In my opinion, it is the idea that QM allows for macroscopic tunneling which I think is unjustified. There is no experimental proof, and we have no reason to trust quantum mechanics any further than experiment can confirm. (please, give me a reason). Look at the following example from statistical mechanics:

Think of the air in your room, an ideal gas. Since each of its microstates of the gas is equally probable, there is a small chance that all of the gas molecules will collect in a dense clump in the middle of the room. Fortunately the actual probability of this is zero, because we have ignored intermolecular forces and sizes of individual molecules.

Others in this thread are talking about emergent behavior of composite systems. Macroscopic objects have properties that their quantum constituates do not necessarily share; so macroscopic tunneling is another example of embracing bogus physics because it seems neat.

 

[vanesch]

In my opinion, it is the idea that QM allows for macroscopic tunneling which I think is unjustified. There is no experimental proof, and we have no reason to trust quantum mechanics any further than experiment can confirm. (please, give me a reason).
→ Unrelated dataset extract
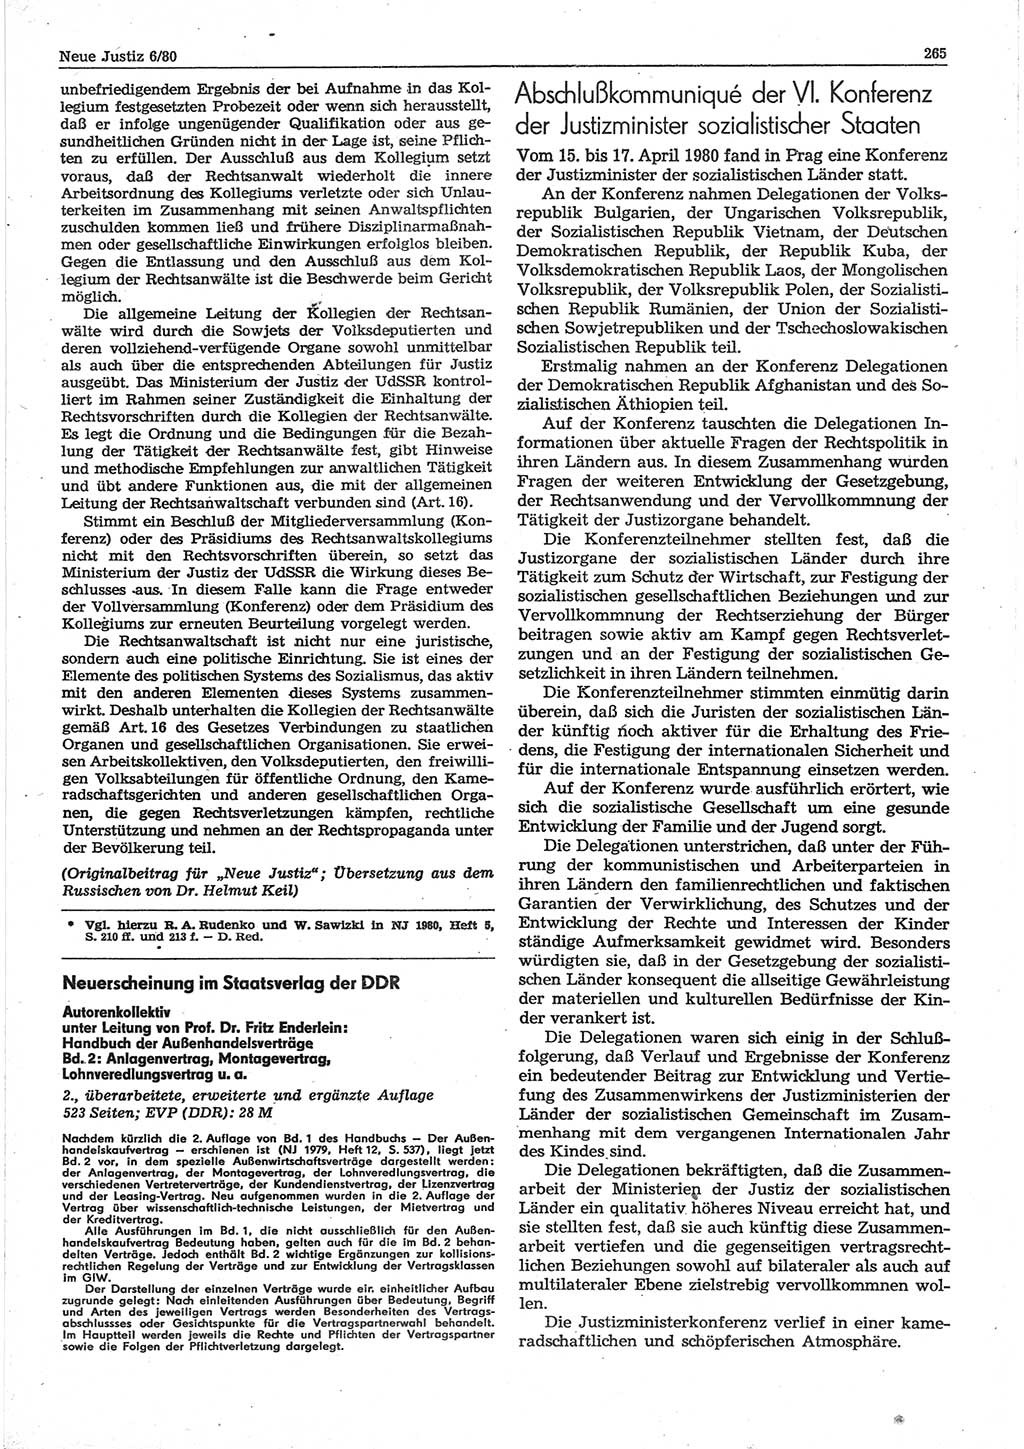 Neue Justiz (NJ), Zeitschrift für sozialistisches Recht und Gesetzlichkeit [Deutsche Demokratische Republik (DDR)], 34. Jahrgang 1980, Seite 265 (NJ DDR 1980, S. 265)

Because we haven't got any replacement for it ! If you stick rigorously to your reasoning, then NO theory what so ever has ANY predictive power, because you can only trust any theory for those specific cases where it has been experimentally tested ; no interpolation, no extrapolation. That reduces physics to a catalogue of performed experiments in the past.
Of course that existential doubt is there to a certain degree, and it is reasonable to ask yourself if you're not working outside the scope of a given theory, but as long as there is no alternative, I don't see why you cannot reasonably talk about predictions of a theory, even in a domain where it is not tested.
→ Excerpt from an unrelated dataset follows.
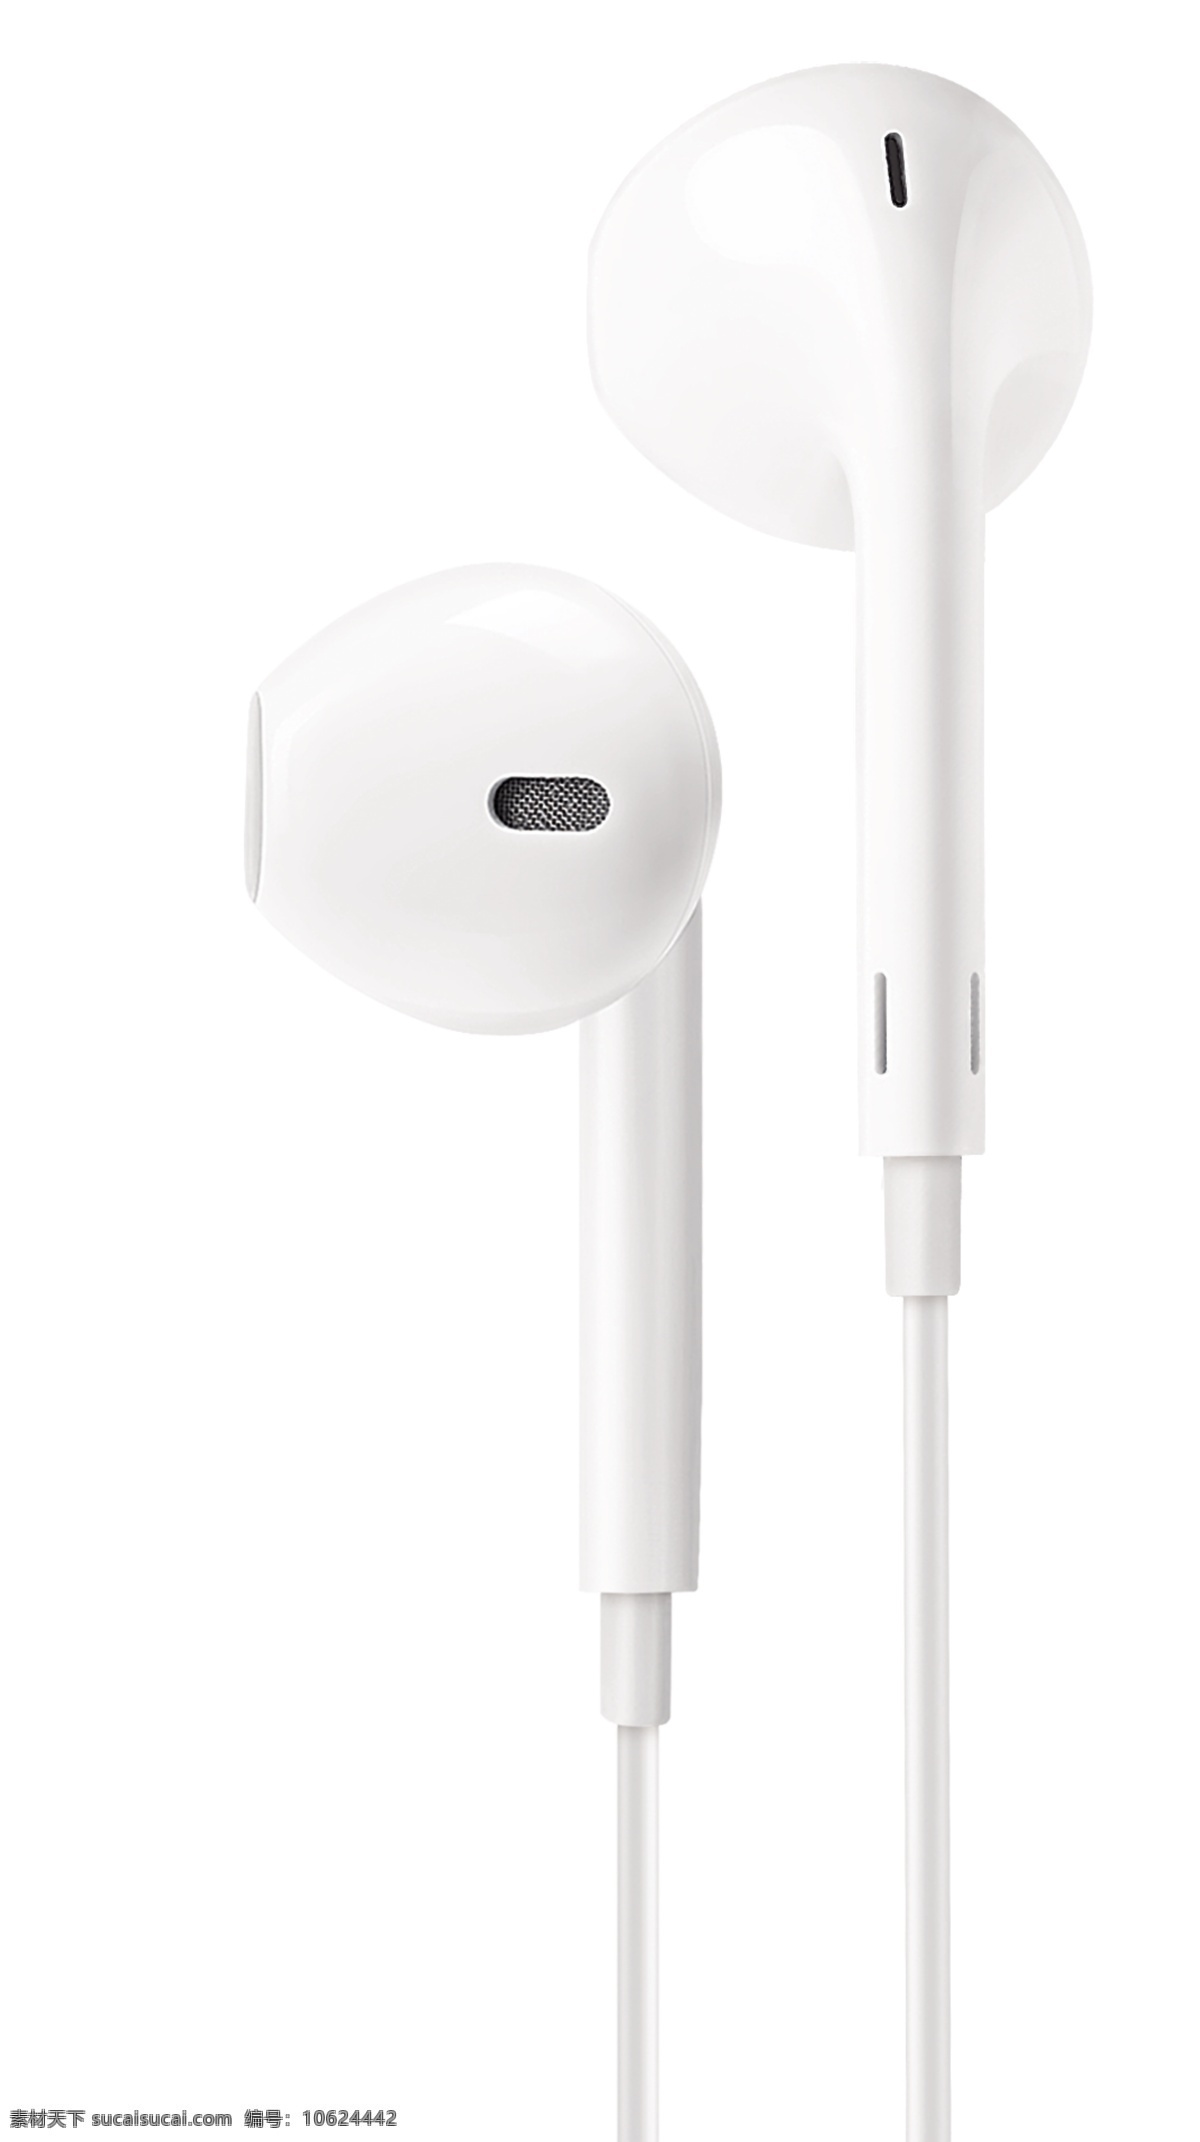 3 苹果耳机 线控耳机 有线耳机 耳塞 白色 精修图 分层

Look at the following example from statistical mechanics:

Think of the air in your room, an ideal gas. Since each of its microstates of the gas is equally probable, there is a small chance that all of the gas molecules will collect in a dense clump in the middle of the room. Fortunately the actual probability of this is zero, because we have ignored intermolecular forces and sizes of individual molecules.

True, but those forces would INCREASE that (very small) probability !
I don't see what's wrong with a theory that predicts that the probability of an unobserved phenomenon is 10^(-134534567). I would say that it agrees quite well with observation, and that you will have a damn hard time devising an experiment that contradicts this prediction, in favour of your prediction which is that the probability is equal to 0.

Others in this thread are talking about emergent behavior of composite systems. Macroscopic objects have properties that their quantum constituates do not necessarily share; so macroscopic tunneling is another example of embracing bogus physics because it seems neat.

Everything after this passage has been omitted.